July 26, 2018

Micoplasma bovis. Disease spread from selling calves at saleyards



D C Dalton and R Dawick



Reasons for concern
1.     There could be a rapid increase in M. bovis when Bulk Milk Testing (BMT) of dairy herds resumes in November 2018, and which could then require drastic action by MPI and the livestock industry.
2.     MPI and the industry need a protocol for WHEN and not IF other exotic disease may enter New Zealand such as Foot and Mouth disease (FMD).
3.     Comments in memo apply whether M. bovis is eliminated, or is accepted as endemic in New Zealand.
4.     Comments refer to very young calves from 4-7 days old, but can also apply to ‘dairy weaner’ calves offered for sale in October/November this year.

Background
1.     In attempts to control exotic disease, the gathering of animals at provincial saleyards is a high-risk practice. So restricting this method of sale is an important weapon to prevent contact and disease spread between animals, and subsequently to farms over a wide area.
2.     There are many other reasons why young calves, with low immune development, should not be put through the stress and distress or travel to and from the yards, and standing all day on cold wet concrete from late winter sales to early spring.  Young calves have already been offered for sale at Frankton and Tuakau for the last 4-5 weeks.
3.     MPI have rightly been advising calf buyers to avoid saleyards and buy direct from vendors, but has not given any details of how this could be done, and especially how vendors could be paid. 

Suggestions for sale of very young calves (4-7 days old) currently sold mainly at provincial auctions, or a few by companies on-line.

1.     The role of the Stock and Station Companies is critical because of their experience in the financial and legal aspects of livestock trading.

2.     In each province, a company (or combined companies) would use a database to list weekly their clients with young calves for sale.

3.     A company agent would visit each vendor to inspect the calves. A company Eartag would be inserted to identify calves eligible for sale.

4.     All relevant data would be collected by the agent including farm ID, NAIT number, breed, colour, and health status.  Calves would be weighed and given a grade based on ‘overall visual quality’.   

5.     Acceptable purchasing lots along with ‘set standard’ photographs or video would be taken to enable purchasers to compare calves against other lots in the live on-line auction sale.

6.     Upon entering these calves into the on-line auction, eligible vendors would abide by the terms and conditions set out in the Conditions of Sale’. All collected data and information would then be listed on the company’s/companies’ live auction database, 1-2 days before the live on-line auction along with vendors’ base reserve.

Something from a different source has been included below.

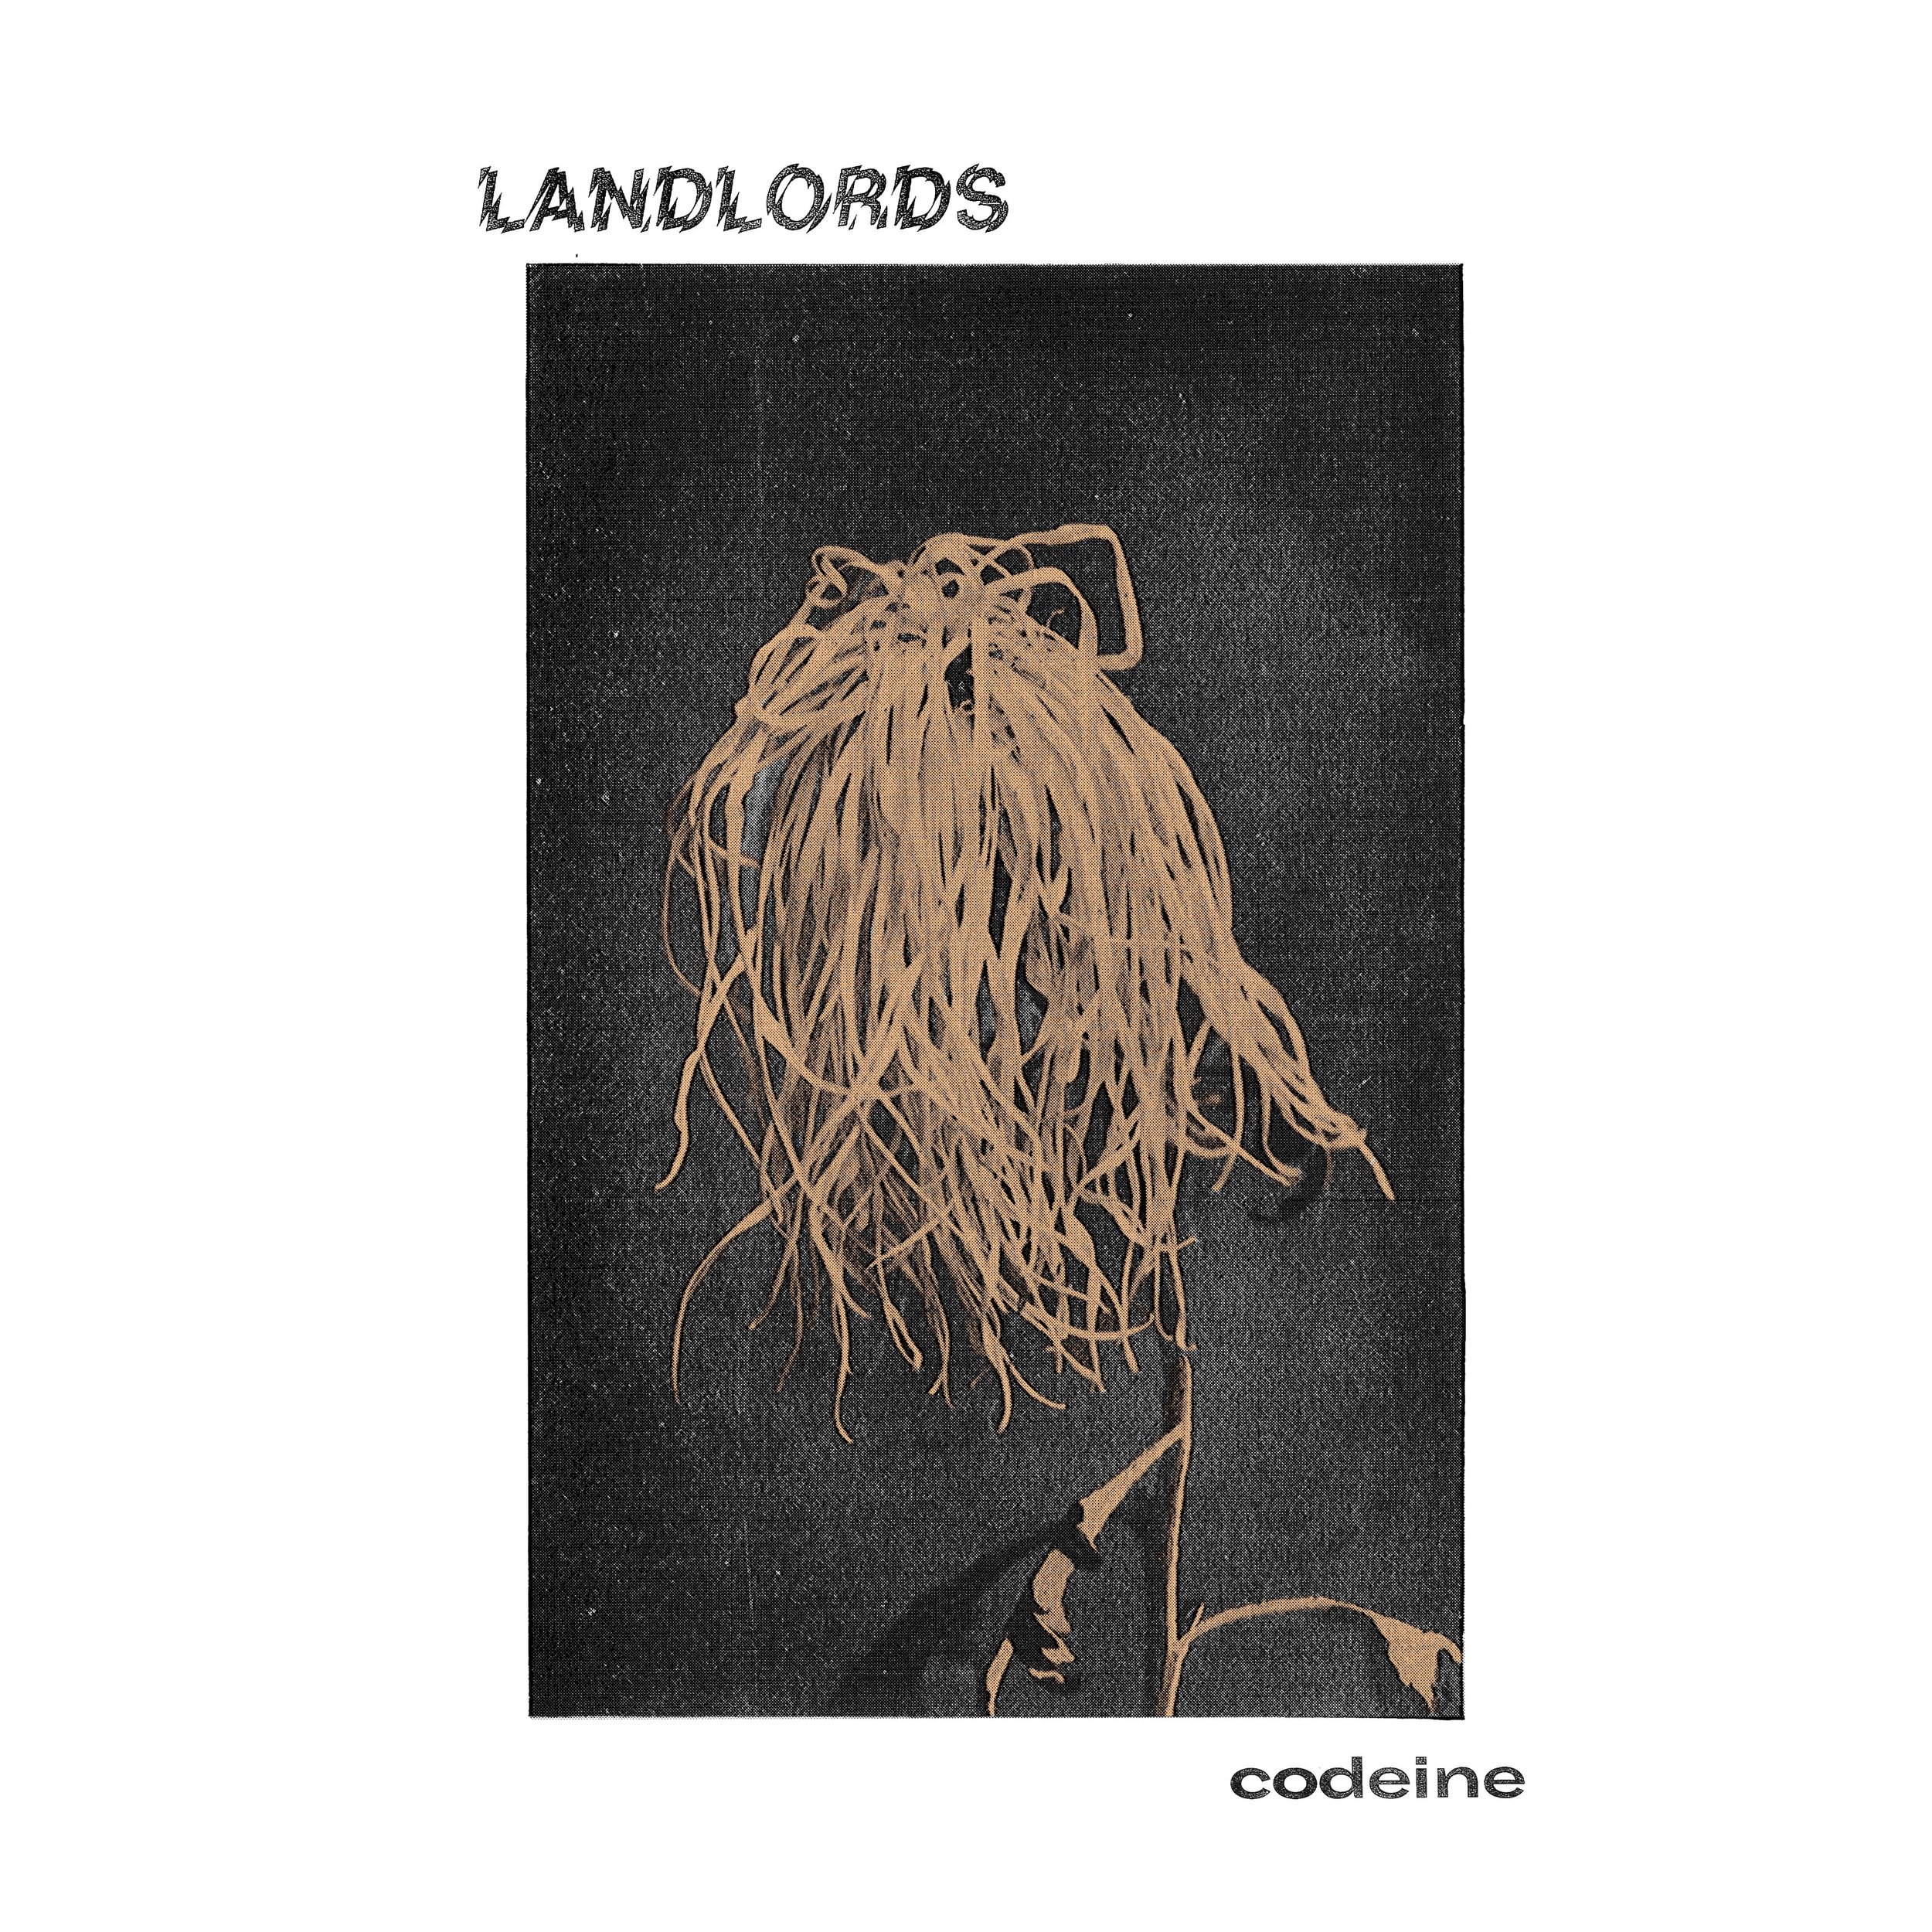 Landlords - Codeine - Cover.jpg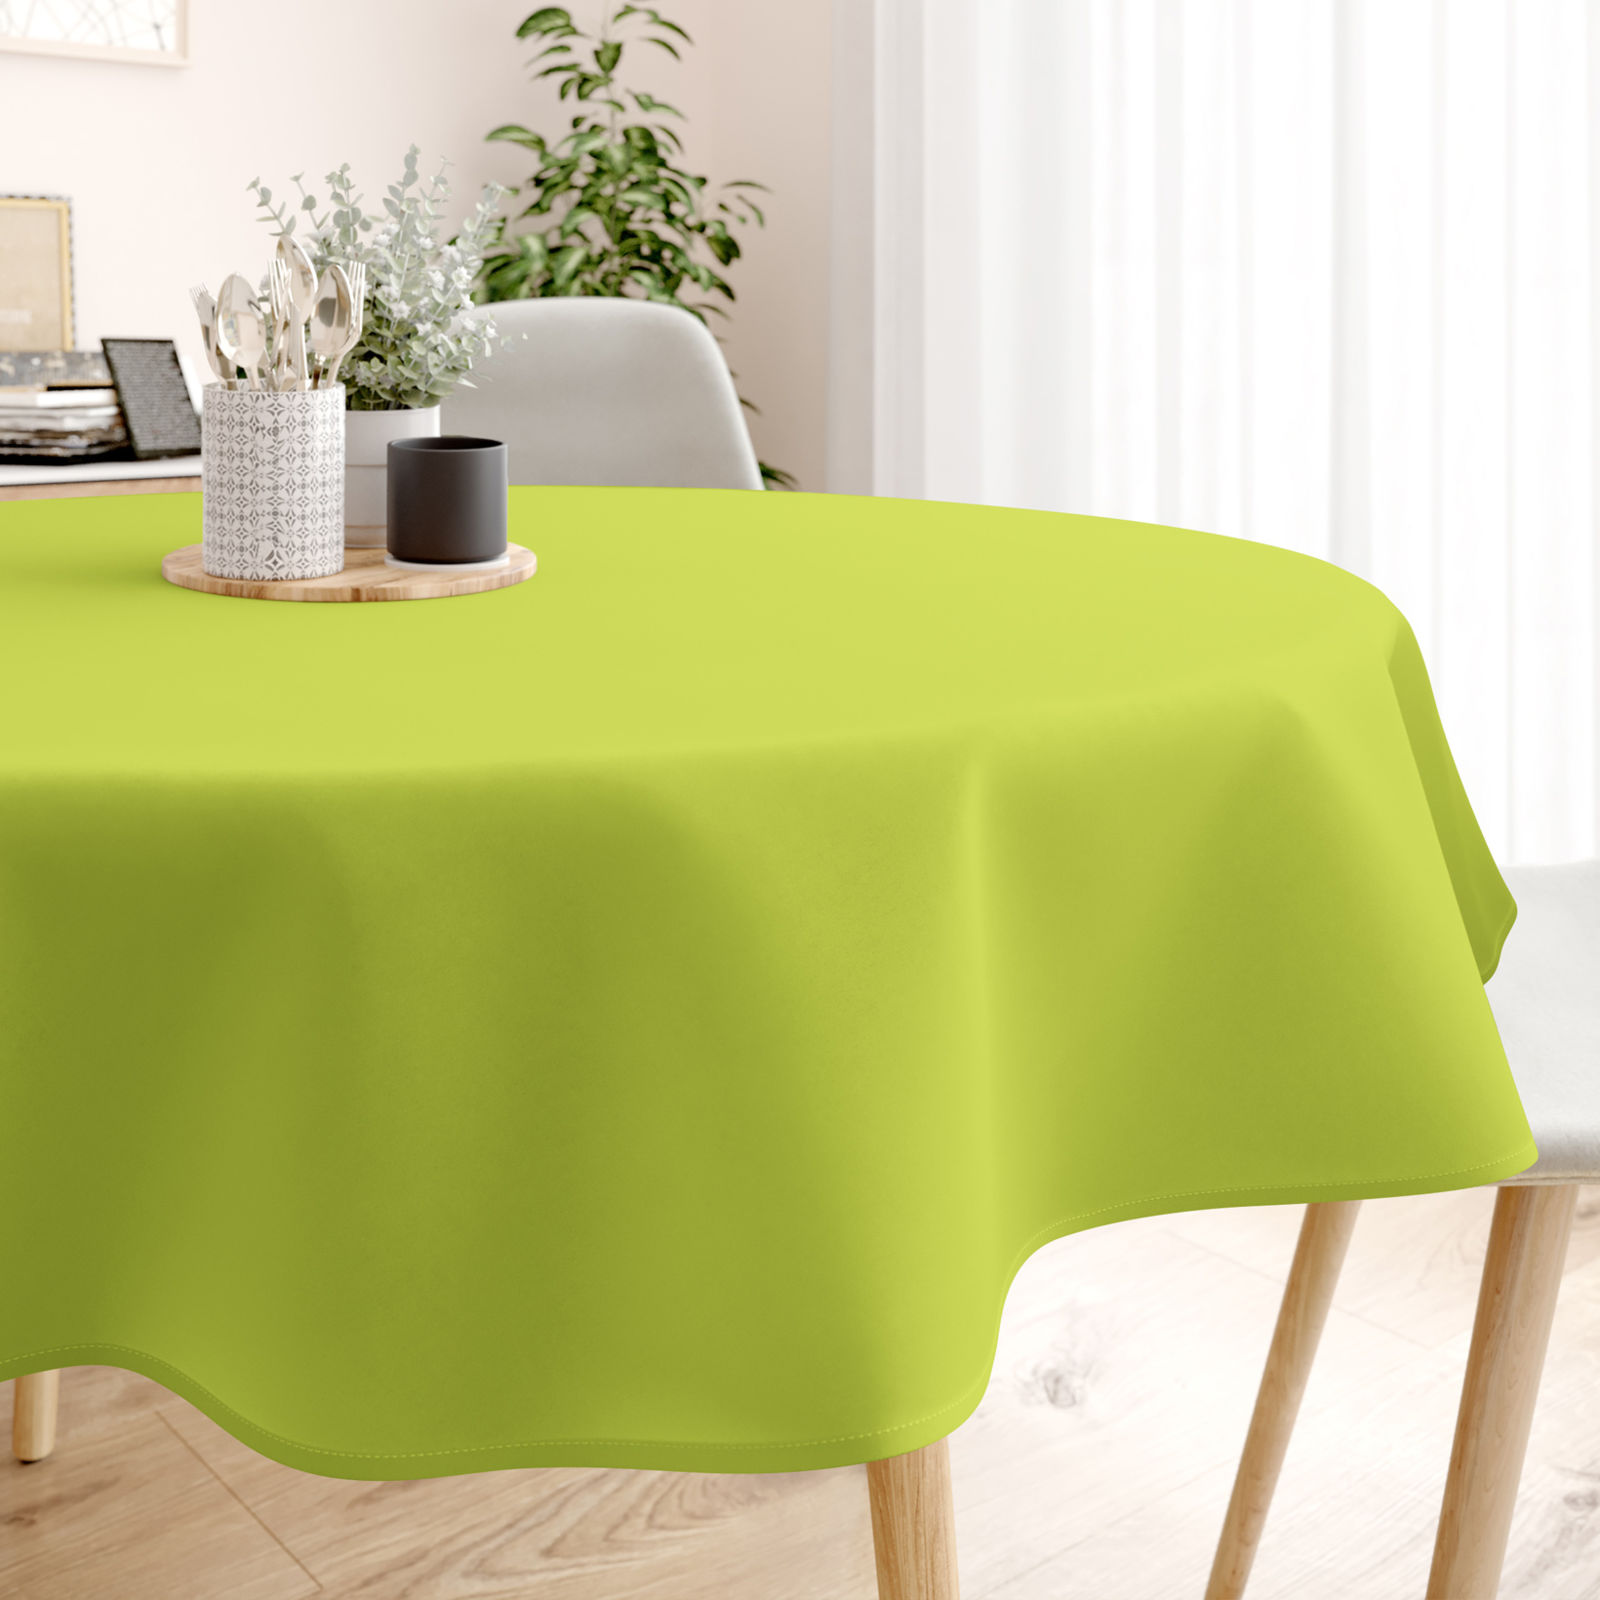 LONETA dekoratív asztalterítő - zöld színű - kör alakú

7.     Buyers would search the database for what animals were on offer and if interested, register as an intending purchaser. In doing so the purchaser would be legally bound to all auction and payment conditions set out in the ‘Conditions of Sale’. 

8.     On completion of the on-line auction the sale would be immediately ‘prompted’ for immediate payment by the purchaser to the vendor’s company before uplifting the calves.

9.     Upon receipt of payment by the purchaser, the vendor would be advised that delivery could take place. Payment to the vendor (less commission) would also be given upon receiving payment from the purchaser.

10.  Delivery arrangements for moving the calves are the purchaser’s sole responsibility. Large trucks may not always be needed, cutting out the need for excess cleaning and disinfection.

Possible malpractice
Some buyers may think that they could avoid sales commission (6%) after the first sale contact with the vendor, by dealing privately. The ‘Conditions of Sale’ should include a malpractice prevention clause.

However with vendors being paid out within two to three days rather that the standard industry practice of 14 days, and being advised all approved purchasers had been credit checked, and in the unlikely event of defaulting, the company would still pay out and pursue the purchaser for payment.

It’s unlikely that vendors will want to stray from this security.  As for livestock movement we suggest this may not be a major problem as NAIT records would catch up with them.

About the authors
Clive Dalton did research at the MAF Whatawhata Hill Country Research Station, and then worked in Information-Extension at Ruakura, before tutoring in animal production at the Waikato Polytechnic before retirement.

Ric Dawick now retired provided 46 years service to the Stock & Station Industry mainly specialising in dairying where his major contribution was as architect of today’s ‘Sale & Purchase of Dairy Cattle Agreement’ and introducing searchable livestock website technology to the Stock & Station industry.